Mute Swan in Threat Display
At first a few of the birders thought the display was some type of breeding display. Dennis looked it up in the Sibley Field Guide to Birds and found that it was considered a "threat display" in which the swan raises its wings and "surges" across the water
Pair of Mute Swans
The group found that the difference in the thickness of the swans necks to be amazing.
At the edge of the lakes where the mute swans were putting on their display, we found a couple of Pectoral Sandpipers working the edge for food. It took us a little while before we had good enough of a look to determine just what species they were. But, Bert indicated that his "final answer" was that they were the Pectoral Sandpiper.
While the group was looking at the pectoral sandpiper, one of the mute swans swam closer.
Close-up of Mute Swan
This allowed Dennis to get a closer photo that shows the distinguishing marks of this species. Note the unique orange bill.
At another nearby lake, we watched a few Northern Shovelers. Dennis explained to his group that these were the first duck species he learned to identify, primarily from their large beak.
Herd of Deer
As we were moving along the road, in the distance, we watched a progression of 10-12 deer running for about a half mile.
On a ridge, we spotted a few small sparrows in a tree, being buffeted by the wind. From the images, it is difficult to see the entire bird to make a positive ID.

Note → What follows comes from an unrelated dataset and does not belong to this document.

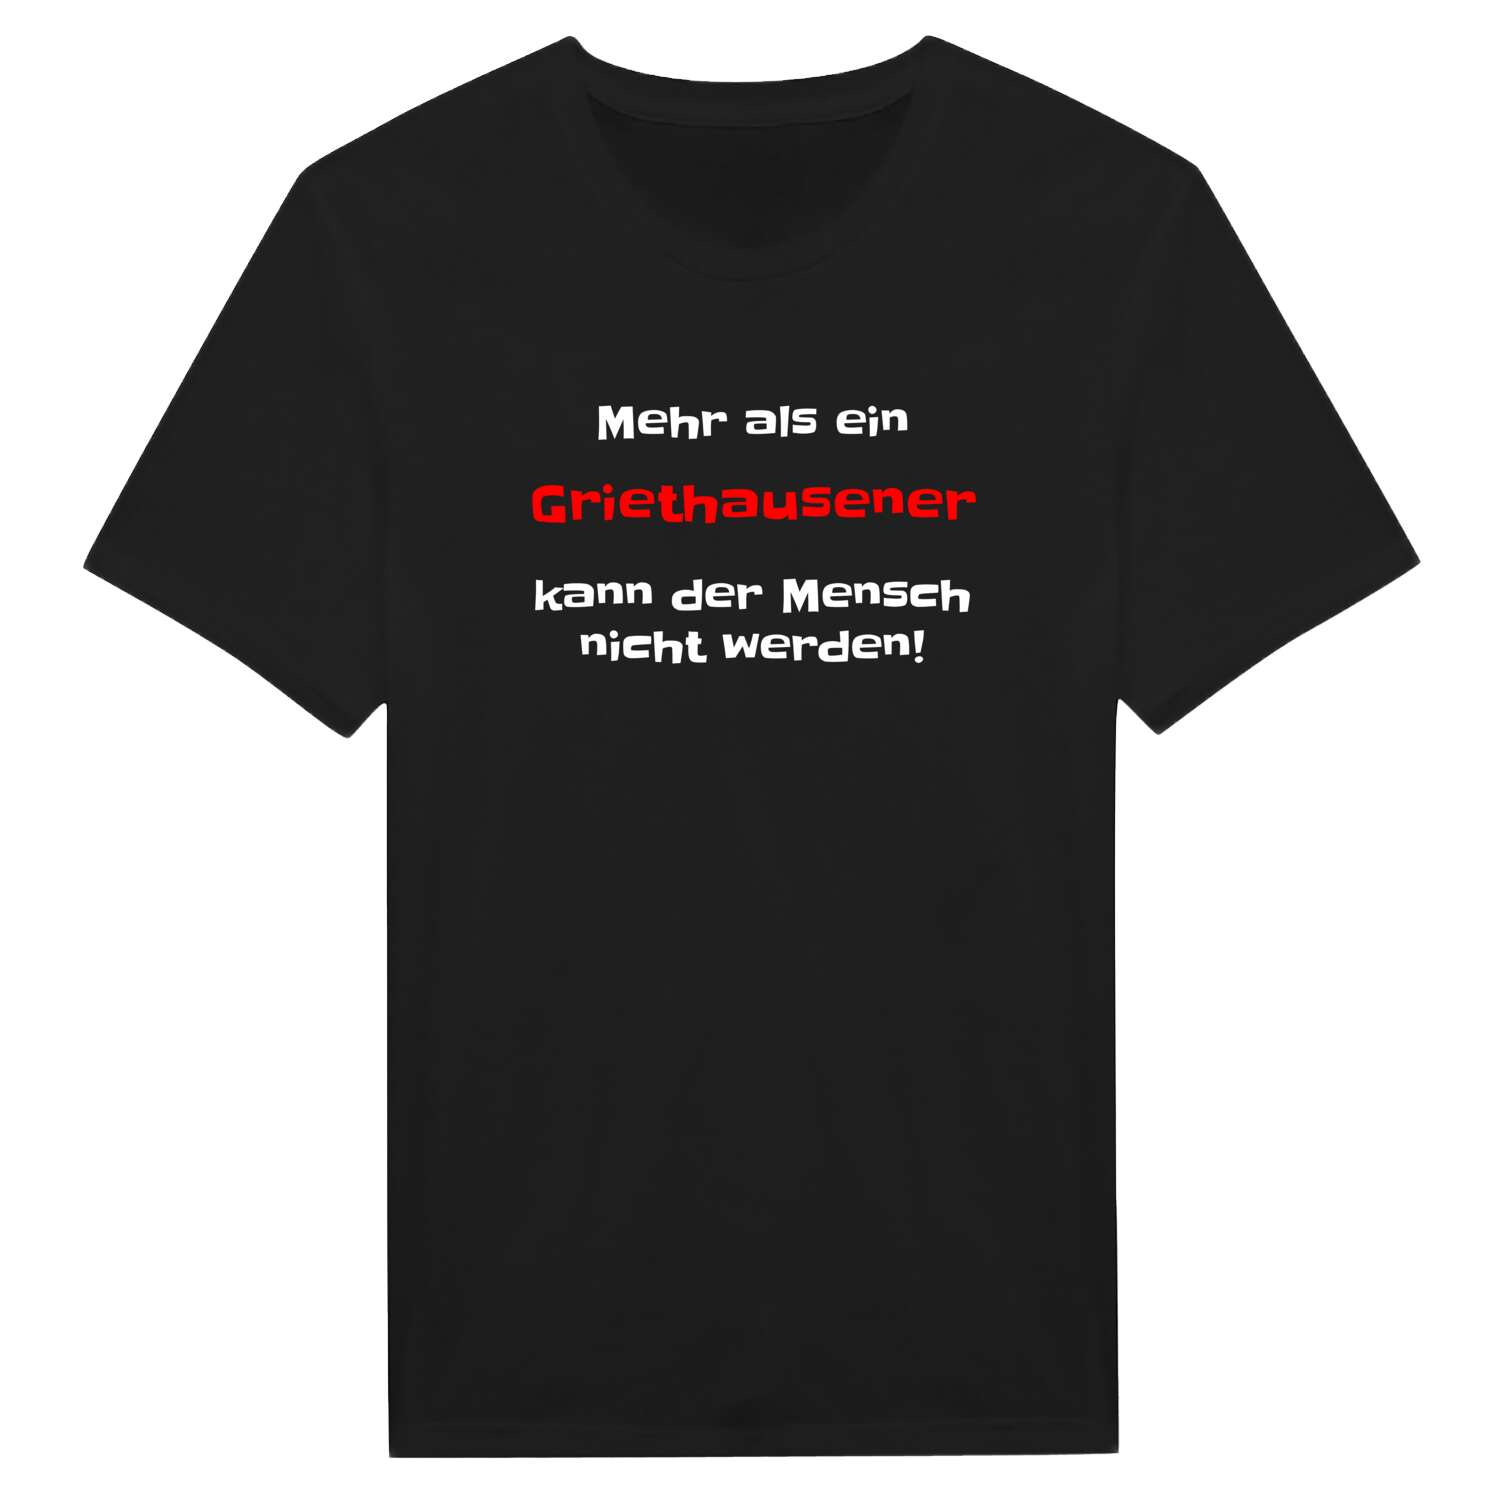 Griethausen T-Shirt »Mehr als ein«

Savanna Sparrow - Two images of same bird in same place
Note that the above images are of the same bird in the same location, yet from the imagery, they almost look different. Ah, the difficulties of making a positive ID, when you can't see the entire bird. Dennis, Peoria Audubon's humble webmaster, noted that in the Sibley Field Guide the markings to look for are a whitish median crown-stripe, a white belly, a relatively short notched tail, is finely streaked, and slight yellowish lores. Unfortunately, the distance and tree branches makes the identification difficult. Send any comments or corrections to our humble webmaster.
As we drove past a ridge, a red-tailed hawk was just coming in for a landing on an abandoned lighting pole. Even though the hawk was perhaps 20-25 feet above the ground, on the ridge we were almost at the same height.
In one of the latter lakes, a lesser scaup was close enough to the shore for a good photo
The Peoria Audubon Society wishes to thank the Metropolitan [Chicago] Water Reclamation District for the opportunity of visiting this remarkable wetlands.
As we were signing out to go home, our humble webmaster mentioned to one of the Security Guards that we saw a herd of 10-12 deer as we were driving through the facility. The guard said that around dusk, they typically will see 80-100 deer in small herds of 25-30. As we talked, he even described a once seeing a mountain lion. He indicated that with all the deer and coyotes, and the ban on hunting, potential predators would have plenty of food.